Sex Column: Long distance relationships: Just kill me already
How to have sex without actually having sex
Lynn Don
Sex Columnist
Being in a long distance relationship is like being single in that you’re both lonely and uncomfortably horny all the time.
The difference is that single folks can go out and meet people and hook up and get blowjobs in the backs of cabs, and it’s all just another Saturday night.
Those in long distance relationships get to go home alone every night and crasturbate (cry and masturbate).
The only saving grace during these frustrating periods of time is that there is someone — though far away — who is feeling the same way you are.
All either of you can do is wait it out and hope it’s all worth it in the end, so you don’t end up regretting all those strangers you could have banged while you were on exchange in Europe.
You still want to have intimate relations with your partner, but the closest you can get to actual physical contact is for you to mail your partner a vial of your secretions, and have them throw it in their own face.

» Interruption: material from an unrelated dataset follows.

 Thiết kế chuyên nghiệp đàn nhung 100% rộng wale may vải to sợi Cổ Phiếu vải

It just isn’t the same.
For those of who don’t want to deal with snail mail techniques that probably aren’t legal, you have a few options for getting intimate with your far-away fuck friend.
Sexting (texting dirty photos and text) can be a good way to remind your partner of how hot your boobs are when you don’t have time for a full Skype session. Everyone likes getting surprise dirty photos throughout their day.

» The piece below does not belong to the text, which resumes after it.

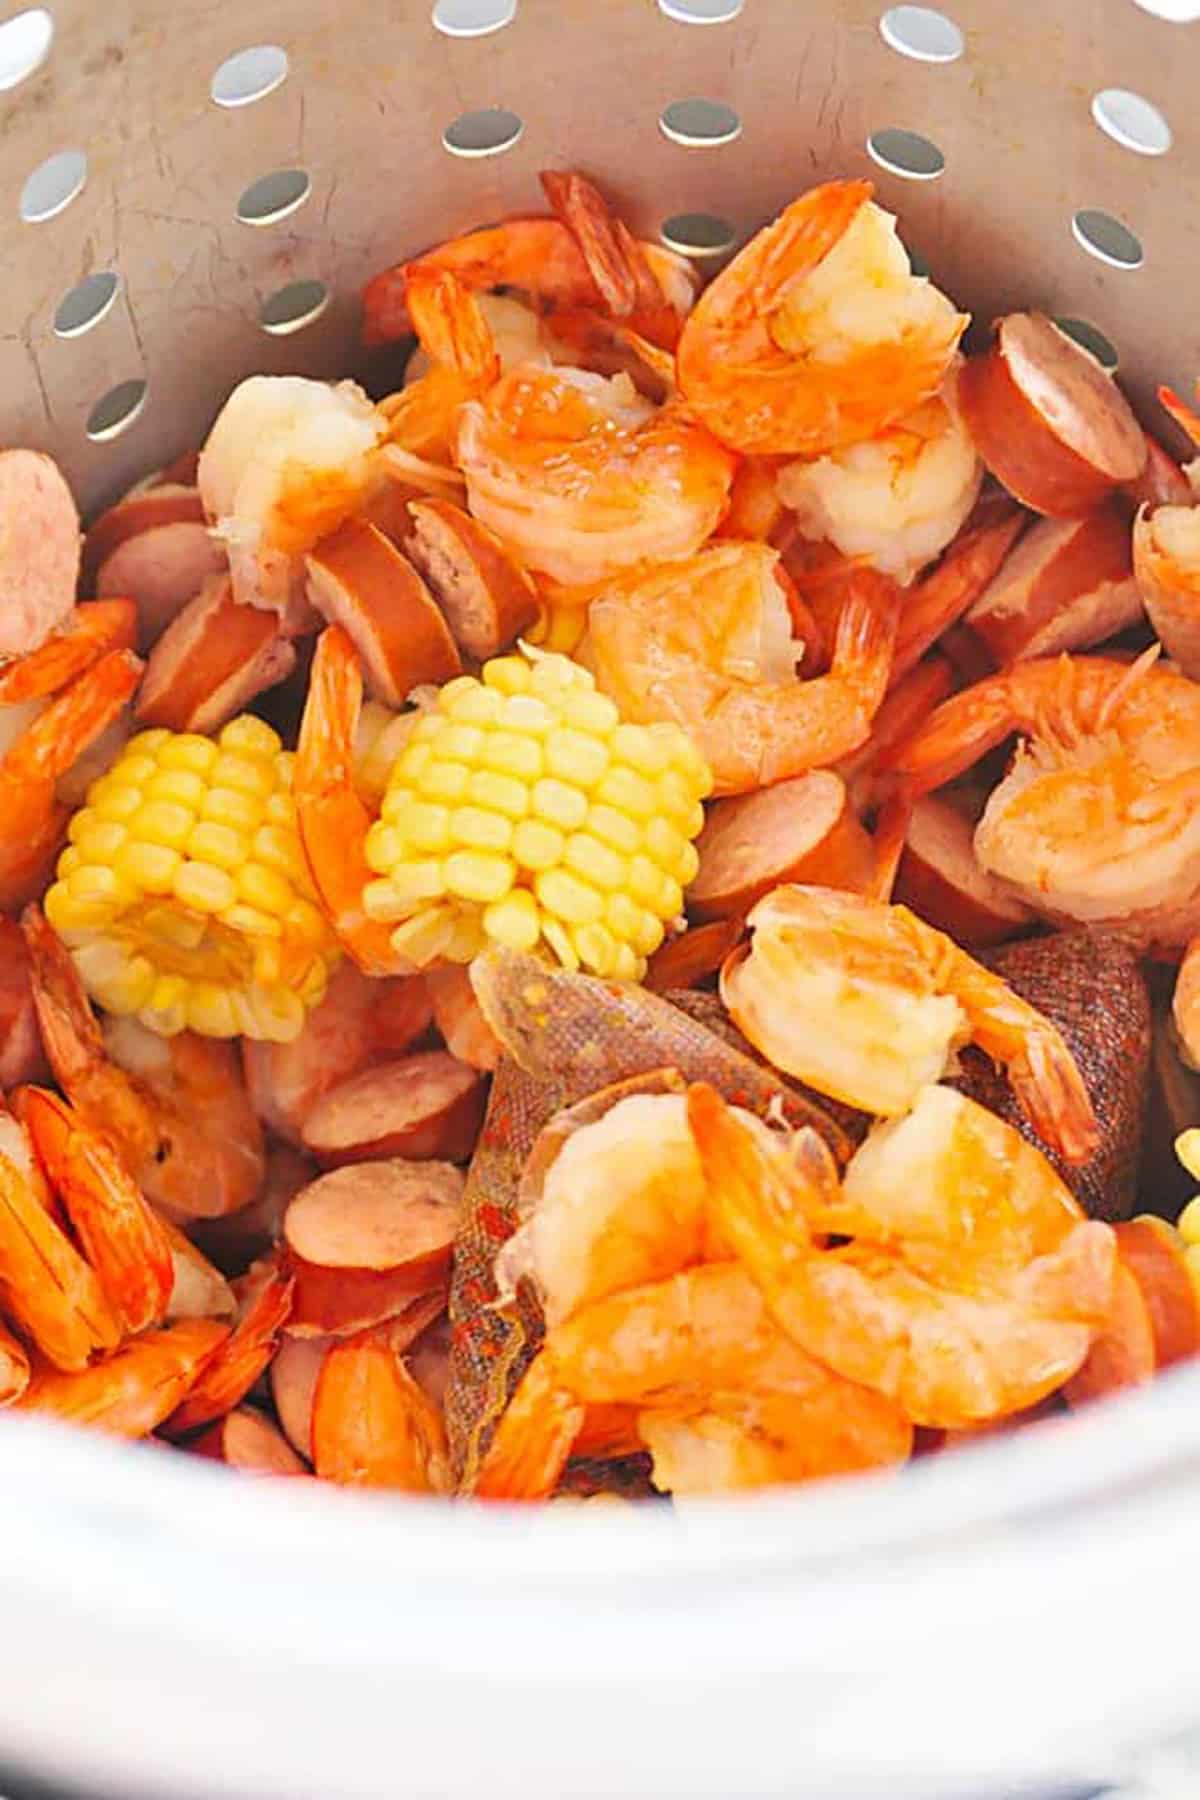 Photo of shrimp boil in large pot.

Although, as you’re already pretty sexually frustrated, there’s a decent chance this will only to serve to kick that up a notch.
Phone sex is great if you live in the ‘90s and don’t own a computer. Seriously, it’s good in that it lets your imagination run wild — but visually it’s obviously very limiting.
And then there’s Skype. Skype may masquerade as a product for keeping friends and family in touch over long distances, but I would bet money that 90 per cent of their users are jerking it to the corresponding user, who is also jerking it.
It’s certainly an awkward platform. Masturbating is usually a solo act, where you aren’t concerned with how you look. Now not only is there someone watching you, but they’re watching you and masturbating to you and what you are doing.
It can be a little unnerving. If you want to do a couple shots of tequila to loosen up before the first few times, that is reasonable. Just remember that getting too loaded can make getting it up and keeping it up (for guys) and finishing (for everyone) very difficult.
Males: try to make it interesting. Women are more likely to put on a bit of show. They’ve got their hand going, the vibrator’s in there, they’re groaning and touching their boobs and rolling around a bit; and then you pan to the man who’s all hunched over in the dark with his eyes glazed over and his mouth half open.
It’s not terribly seductive.
And before you say that a guy jacking off just isn’t that visually appealing: women don’t actually look like that when they masturbate by themselves.
I’m sorry to ruin your porn fantasy but especially if a vibrator is in the picture it can be incredibly lazy. I’ll rub one out while refreshing my Tumblr (I follow a lot of porn Tumblrs) and, trust me, it’s not that exciting.
A good way to make Skype sex a little more exciting is to incorporate some dirty talk. To start, tell your partner what you want them to do, where to touch themselves, tell them how hot they look, how hot what they’re doing is.
When they reciprocate, do what they say. You’re trying to help one another get off, which means performing a bit.
Once it starts to really get going and you want to focus on the finish line, then let one another do whatever you guys need to do to get there. The dirty talk can keep going though.
Narrate what you’re doing to yourself and how good it feels. Tell them how turned on they’re making you feel. Moan a bit, bite your lip.
And tell them when you’re about to cum so they don’t close their eyes for a minute and end up missing the finale. You can try to sync up your orgasms so you feel more like you’re together. How adorable.
Remember: long distance can be a rough time. If you have to fap three times a day to keep your sanity, do it. If the porn you’re watching starts to get weird because regular porn just isn’t cutting it, then embrace that kinky shit.
If a slight breeze gives you an erection, just adjust yourself and carry on with your day.
When you are finally reunited with your partner, the first couple times having actual real-life sex will be so good it would not be entirely inappropriate if you cried, just a little.